Article - Issue 26, March 2006
Protecting Phone Systems
Dr William Webb FREng
Simplified schematic showing how fixed, mobile and other networks interconnect – many elements have been omitted for clarity Schematic by Simon Roulestone
Whenever a disaster occurs there is a critical need for maintaining lines of communication. However, the telecommunications networks themselves are often unable to cope with such extraordinary conditions and pressure. Dr William Webb FREng examines how phone systems coped with two emergencies last year and looks at the technical and operational solutions available to deal with future incidents in the US and UK.
Whenever a disaster such as Hurricane Katrina, or a terrorist activity such as the London bombings occurs, there is a critical need for maintaining lines of communication. Primarily, the emergency services need to be able to communicate in order to coordinate their relief efforts. But there is also a strong need for the public to be able to communicate, either with the emergency services, or with their relatives – the latter contact reduces panic and discourages others into the disaster area to find loved ones. However, the telecommunications networks themselves are often unable to cope despite the increasingly technical and operational solutions available.
Broadly speaking,wireless systems survive better than hard-wired systems (including optical fibres) in emergencies because their infrastructure is more dispersed. Only a direct hit on a base station (ie where the mast is sited) or a control centre will disable it. However, those wireless systems that incorporate hard-wired connections, to link base stations back into the control centre, increase their vulnerability under attack. Wireless systems, just like hard-wired ones are also dependent on power. While some base stations are provided with back-up generators, they typically only have fuel for a few days.

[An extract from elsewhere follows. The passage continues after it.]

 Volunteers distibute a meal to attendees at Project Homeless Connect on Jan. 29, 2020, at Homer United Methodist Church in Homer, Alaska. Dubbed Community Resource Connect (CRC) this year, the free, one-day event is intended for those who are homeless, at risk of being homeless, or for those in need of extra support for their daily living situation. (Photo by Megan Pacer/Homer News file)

Satellite systems tend to survive best. The satellite itself will be unaffected in an emergency and, providing the user terminals are undamaged and the satellite ground station is functioning, communications can continue to be provided. However, few people have access to satellite phones; they tend not to work well in dense urban environments, and the capacity of satellite networks is relatively low so this system can only work for a minority.
In most cases, the emergency services have their own wireless networks. They may have their own hard-wired connections to key points such as police stations but rarely own the entire wired network, which includes the control centre. The wireless networks operate in the same way as cell phones but with some specific modifications to allow, for example, group calling. Emergency services may aim for higher reliability than cellular systems with techniques such as extra hardware to allow for breakdowns, increased back-up power supplies and a wider coverage than necessary, in order to continue working if parts of the system fail. Emergency service systems may also have different coverage patterns, with, for example, better coverage in tunnels. Some emergency systems also enable terminals to communicate directly to other nearby terminals bypassing the base stations and control centres. Through a combination of these different techniques, emergency networks will continue to work longer and in more severe conditions than cellular networks. Even emergency networks, however, can fail under extreme enough conditions.
In an ideal world
Networks could be made more resilient simply through better deployment. For example, by employing wireless as well as wired connections in the system so that one could replace the other automatically, the chances of connectivity being lost would be substantially reduced. Base stations and control centres could be ‘hardened’ – made waterproof and hurricane proof with greater fuel supplies. More base stations could be installed so that if one were disabled another could cover the same area. The network capacity could be enlarged by building substantially more cell sites so that they would not become overloaded in a disaster. But these improvements are expensive.
The cost would vary considerably depending on the network deployment and availability of local infrastructure. ‘Hardening’ the network could add 20% to the total costs faced by a cellular operator, while increasing the capacity to a level able to cope with all imaginable traffic peaks might add up to 100% depending on the level of excess capacity deemed relevant. These costs would need to be passed through to consumers. Many would judge that adding this cost to all users of mobile phones, to provide resilience for a small percentage of users in the very rare occasions that a disaster occurs,would be unreasonable.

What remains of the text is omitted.